===== Supplied material

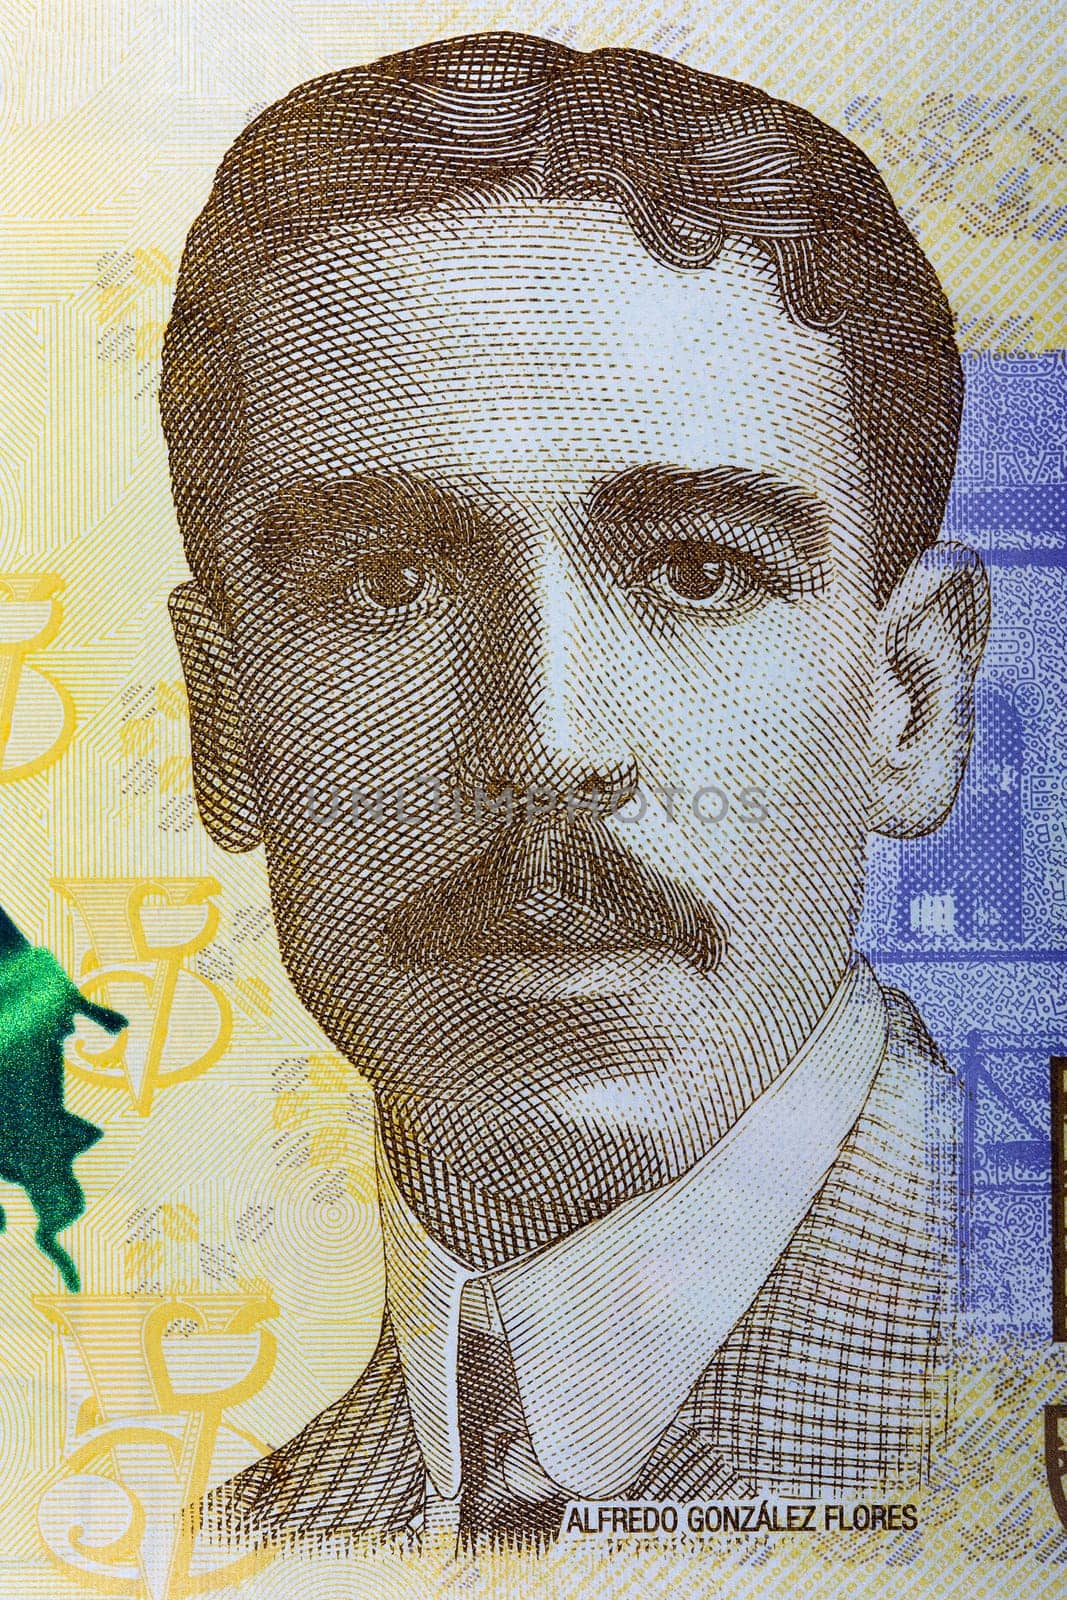 Alfredo Gonzalez Flores a portrait from Costa Rican money
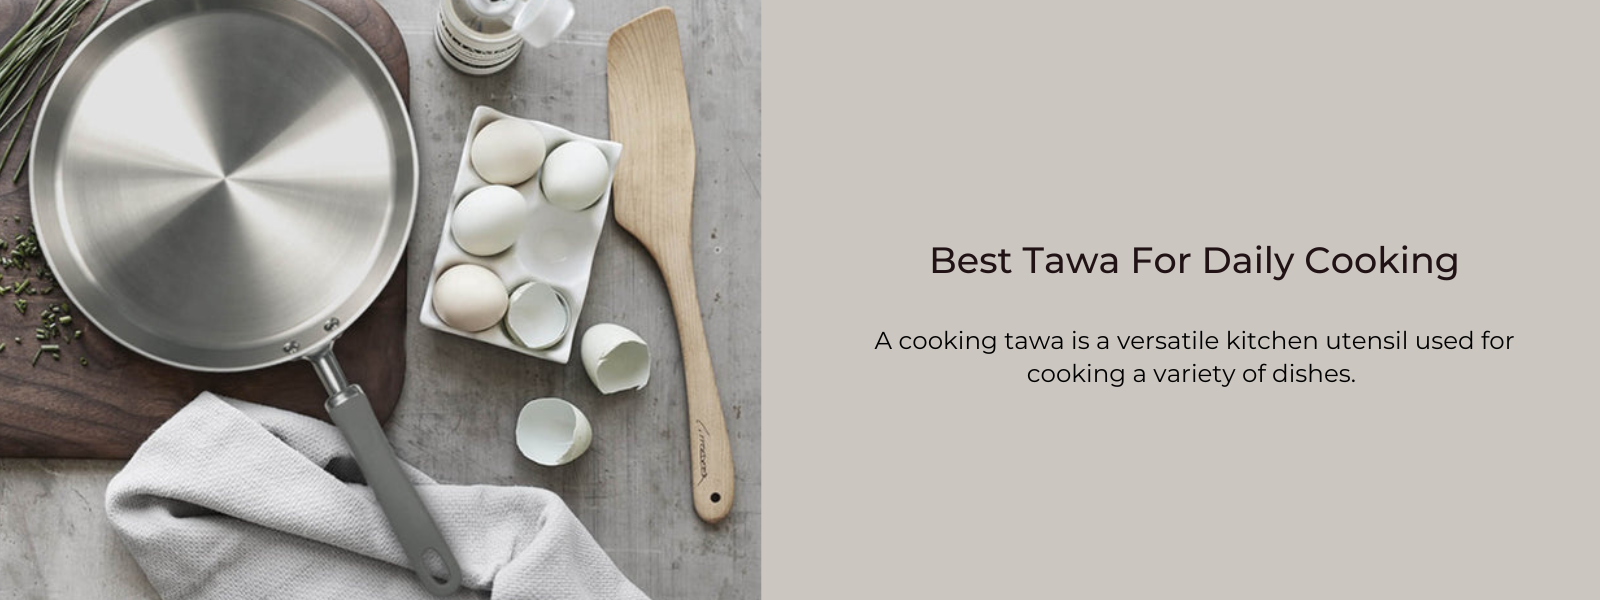 Tawa Roti Pan: A Versatile Tool For Indian Food - PotsandPans India
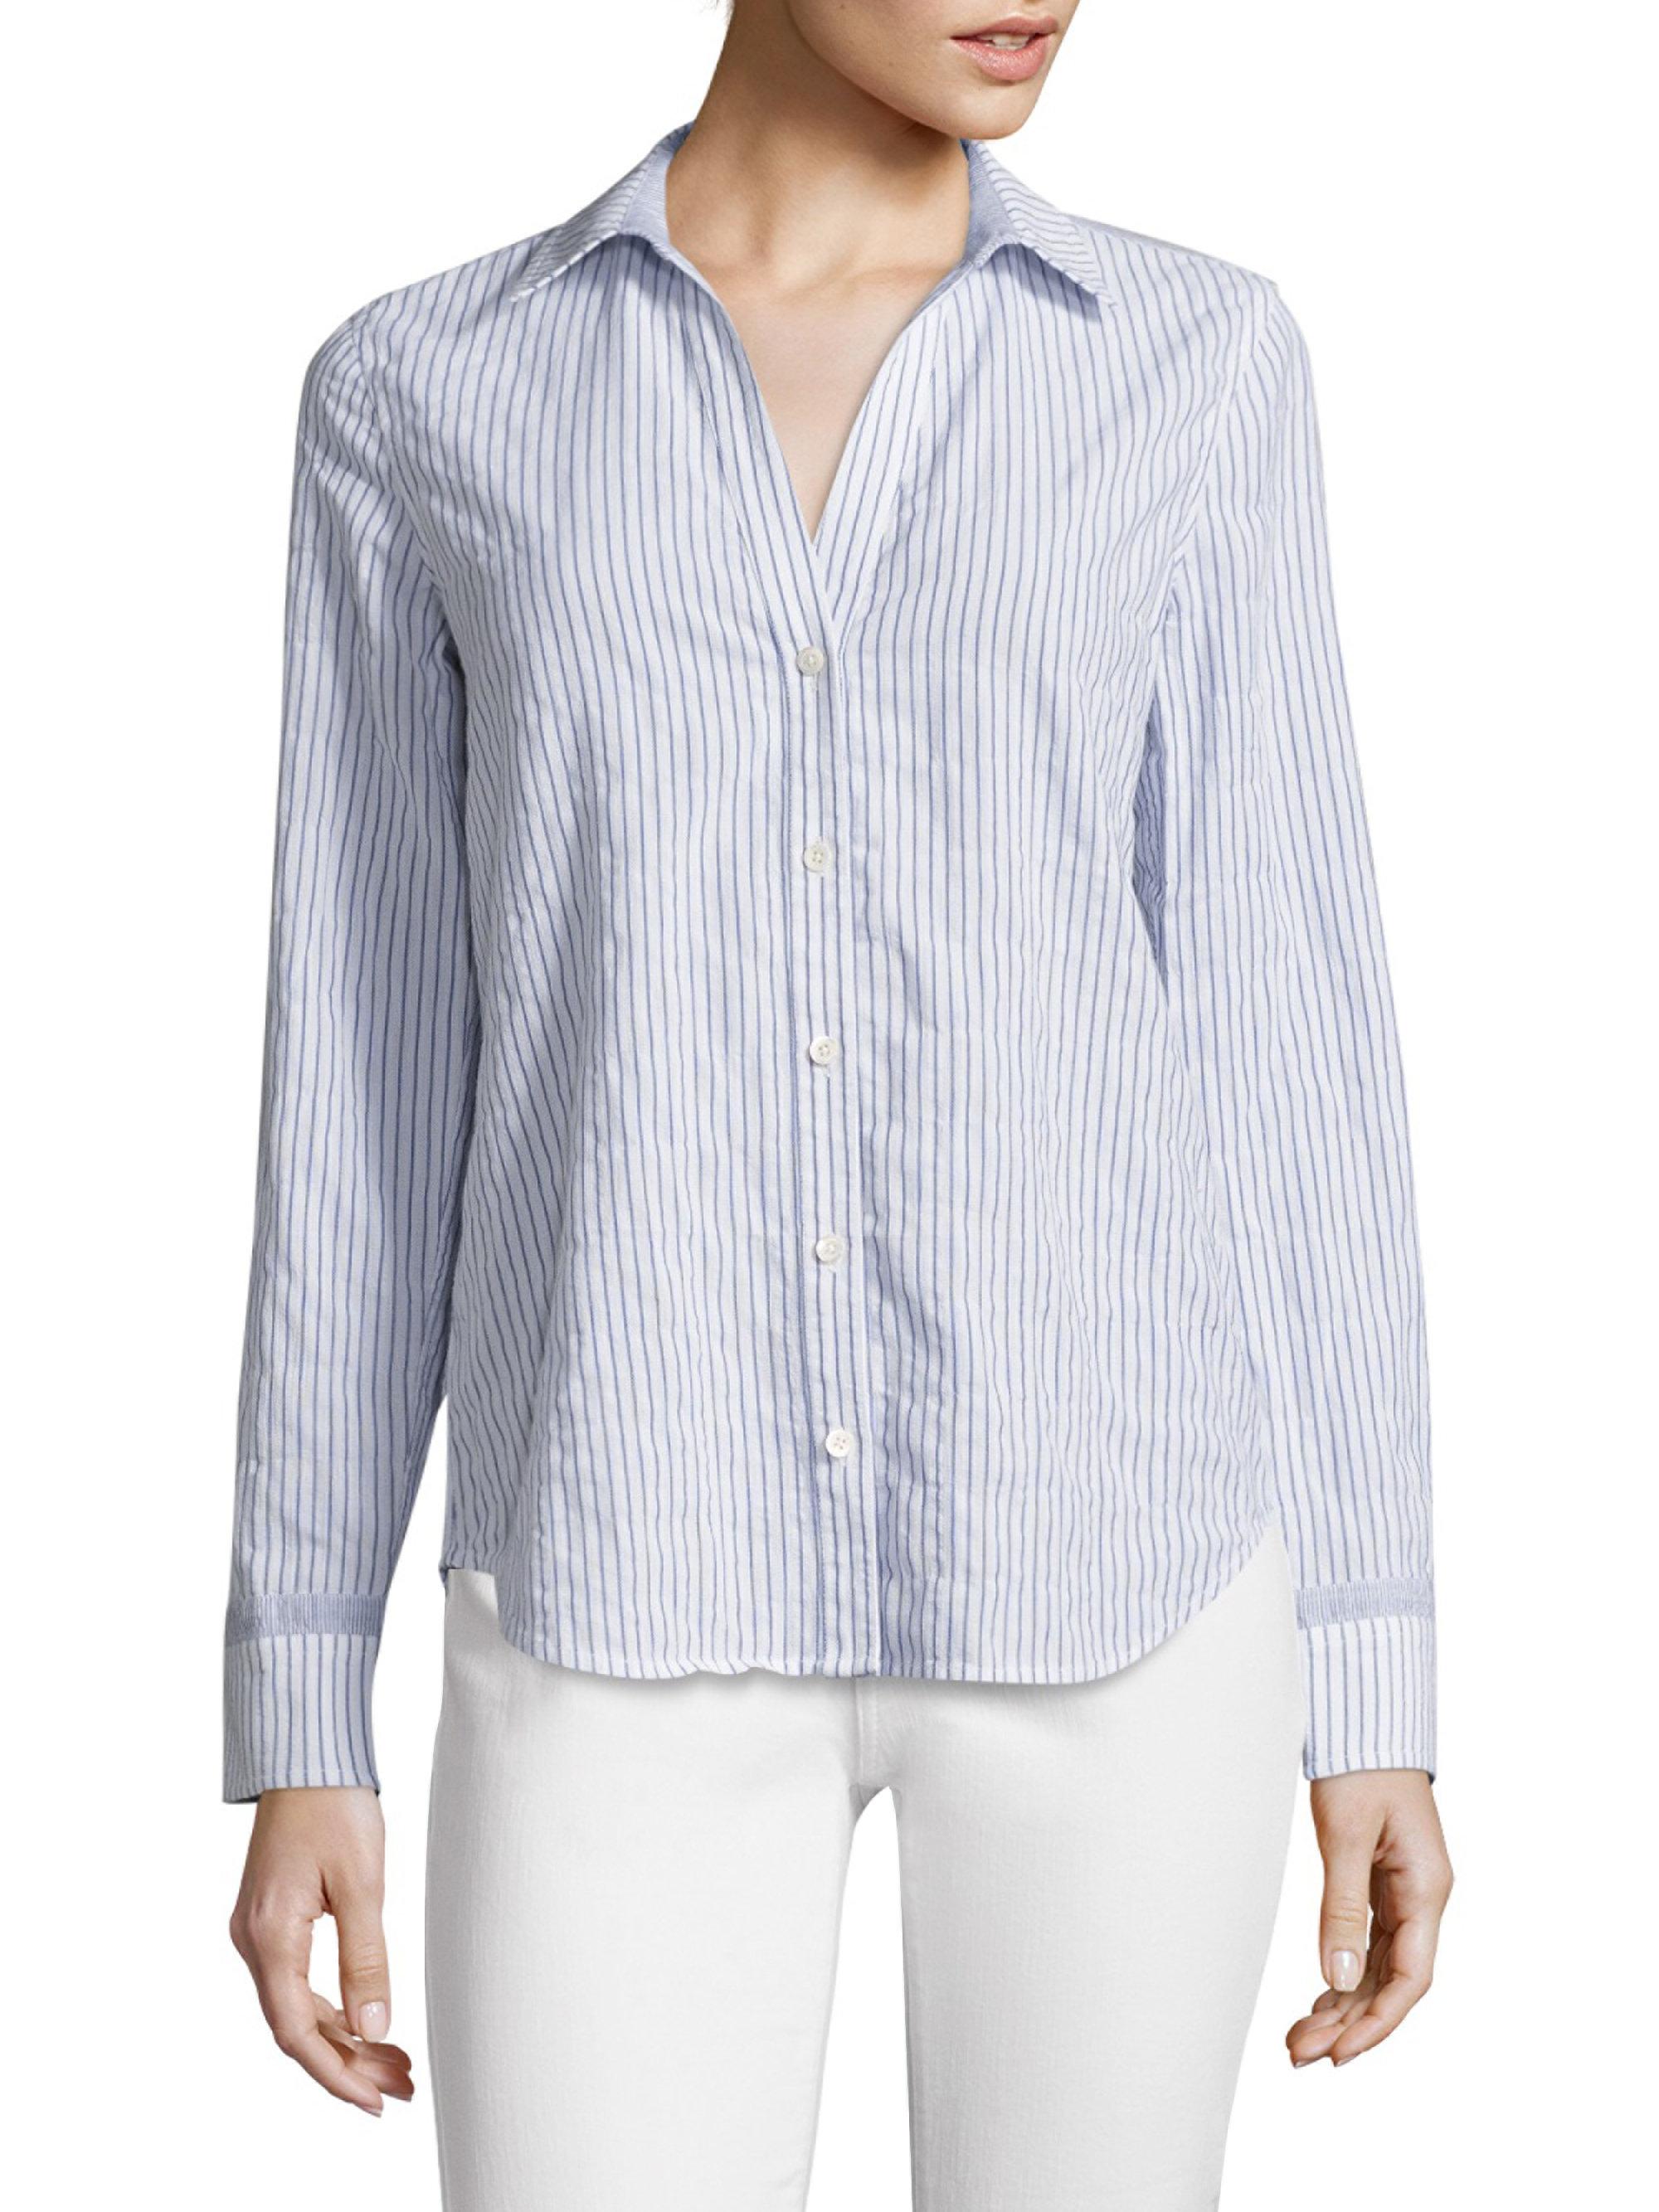 Vineyard Vines Striped Linen & Cotton Shirt in Blue - Lyst

==========

# Activity
Quote exactly the lines from the line that contains "Tawa Roti Pan: A" through the last line of the listing, please, leaving out all pictures.

# Reply to the exercise
 Tawa Roti Pan: A Versatile Tool For Indian Food - PotsandPans India
 Vineyard Vines Striped Linen & Cotton Shirt in Blue - Lyst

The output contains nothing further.